Chain/Workflow Outputs
Analyze multi-step process results and complex execution paths.
Categorical Evaluators
New evaluator type that enables classification-based human evaluation with custom scoring.
Pass/Fail Analysis
Create binary classifications with associated scores for clear go/no-go decisions.
Regression Detection
Track when outputs shift from high-scoring to low-scoring categories over time.
Multi-Class Evaluation
Define multiple categories representing different quality levels or response types.
August 2025
Core Platform
Thread View
New visualization mode that displays all LLM events and chat history in a unified, chronological timeline.
Unified Conversation View
View all LLM events alongside complete chat history in a single interface. Understand the full context of multi-turn conversations without navigating through nested spans.
Automatic Agent Handoff Detection
The system automatically identifies when control passes between different LLM workflows or agents, highlighting transition points in complex multi-agent systems.
Session-Level Feedback
Domain experts can provide feedback at the session level, which is automatically applied to the root span (session event) in the trace.
Improved Graph View
Major enhancements to Graph View with automatic node deduplication and new analytical features.
Automatic Node Deduplication
The graph now intelligently deduplicates nodes, simplifying visualization of complex agent trajectories.
Graph Statistics
View total number of nodes, state transitions, and structural complexity metrics for your agent workflows.
Weighted Edges
Edge thickness represents execution frequency, making common paths immediately visible.
Latency Bottlenecks
Identify which nodes are causing performance issues in your agent workflows.
Common Trajectories
Visualize the most frequent paths through your agent’s decision tree to understand typical execution patterns.
Introducing Alerts
Monitor key metrics and get notified when behavior changes in your AI applications.
- Comprehensive Monitoring: Track performance metrics (latency, error rate), quality scores from evaluators, cost and usage patterns, plus any custom fields from your events or sessions.
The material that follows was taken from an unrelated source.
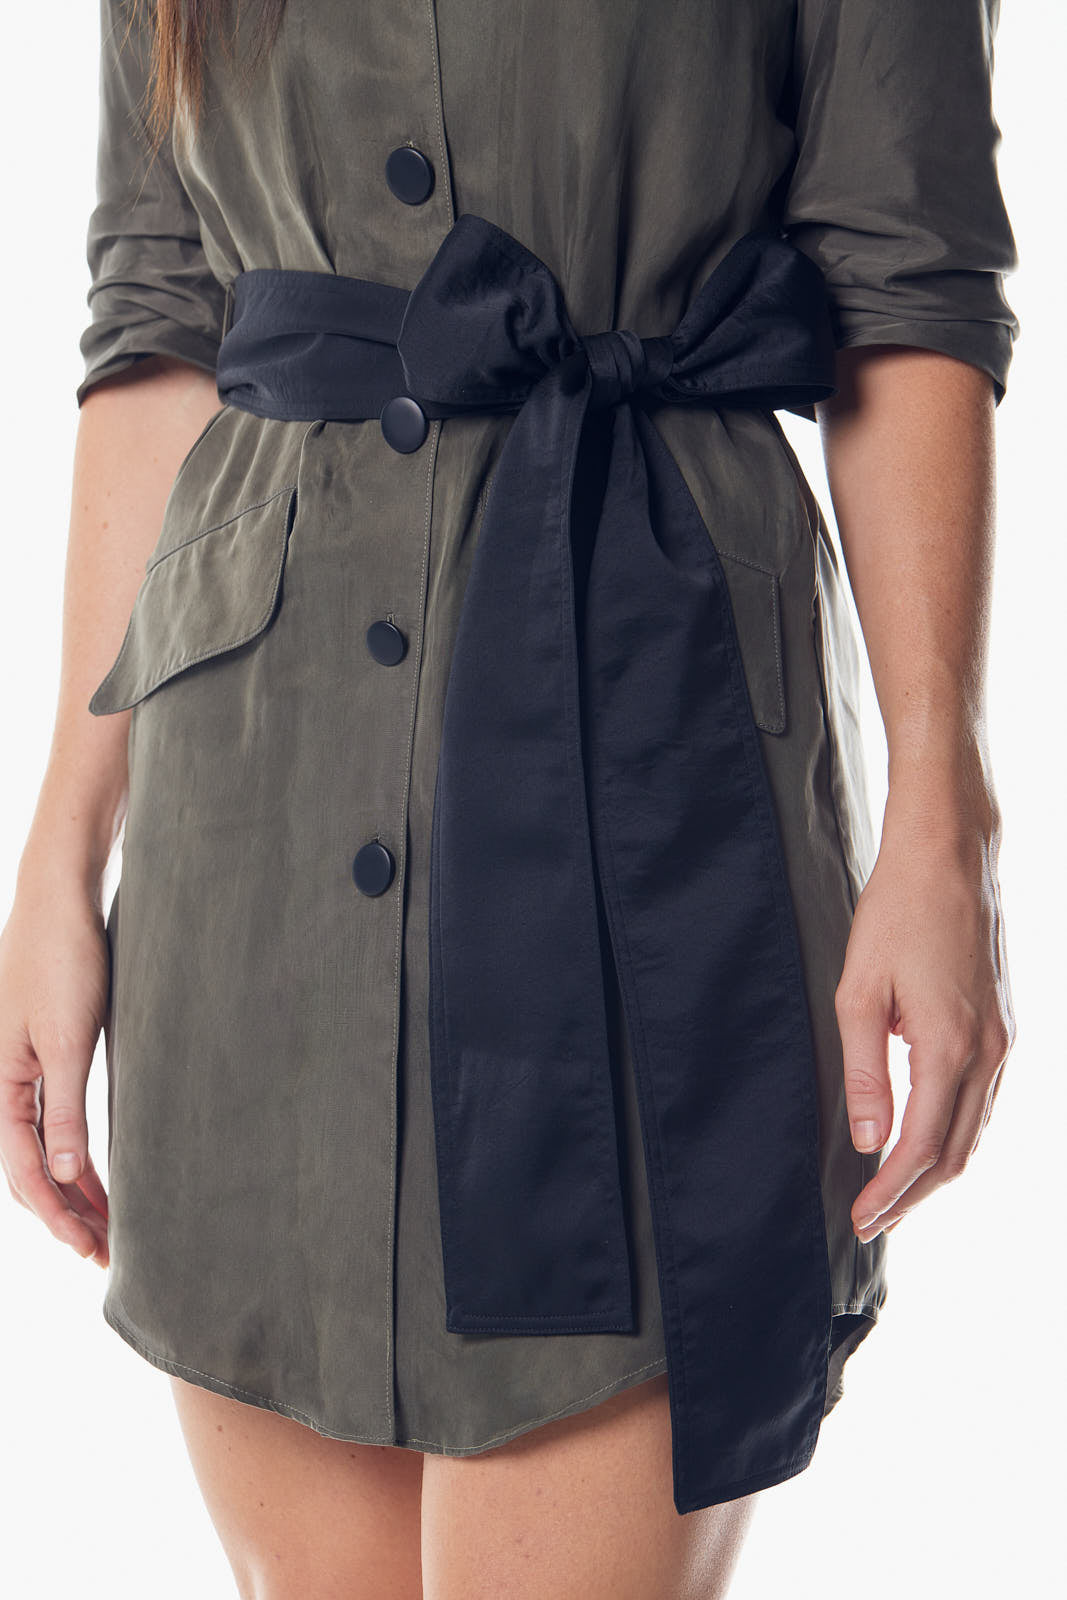  Montagna Green Blazer Dress - Elevate Your Confidence with Le Réussi

Get visibility into what matters most for your AI applications.
- Smart Alert Types: Aggregate Alerts trigger when metrics cross absolute thresholds, while Drift Alerts detect when current performance deviates from previous periods by a configurable percentage. Choose the right detection method for your use case.
- Flexible Scheduling: Configure alerts to run hourly, daily, weekly, or monthly based on your monitoring needs. Set custom evaluation windows to balance responsiveness with noise reduction.
- Streamlined Workflow: Real-time preview charts show exactly what your alert will monitor, guided configuration in the right panel walks you through setup, and a recent activity feed tracks alert history. Manage alert states (Active, Triggered, Resolved, Paused, Muted) directly from each alert’s detail page.
Evaluator Templates Gallery
Quick-start your evaluations with pre-built templates organized by use case: Agent Trajectory, Tool Selection, RAG, Summarization, Translation, Structured Output, Code Generation, Performance, Safety, and Traditional NLP.
July 2025
Core Platform
New Trace Visualization Modes
-
Session Summaries and New Tree View:
Unified view of metrics, evaluations, and feedback across all spans in an agent session. Get a comprehensive overview without jumping between individual spans to understand overall session performance.

-
Timeline View:
Flamegraph visualization that identifies latency bottlenecks and shows the relationship between sequential and parallel operations in your agent workflows. Perfect for performance optimization and understanding execution flow.

-
Graph View:
Visual representation of complex execution paths and decision points through multi-agent workflows. Quickly understand how your agents interact and make decisions at a glance.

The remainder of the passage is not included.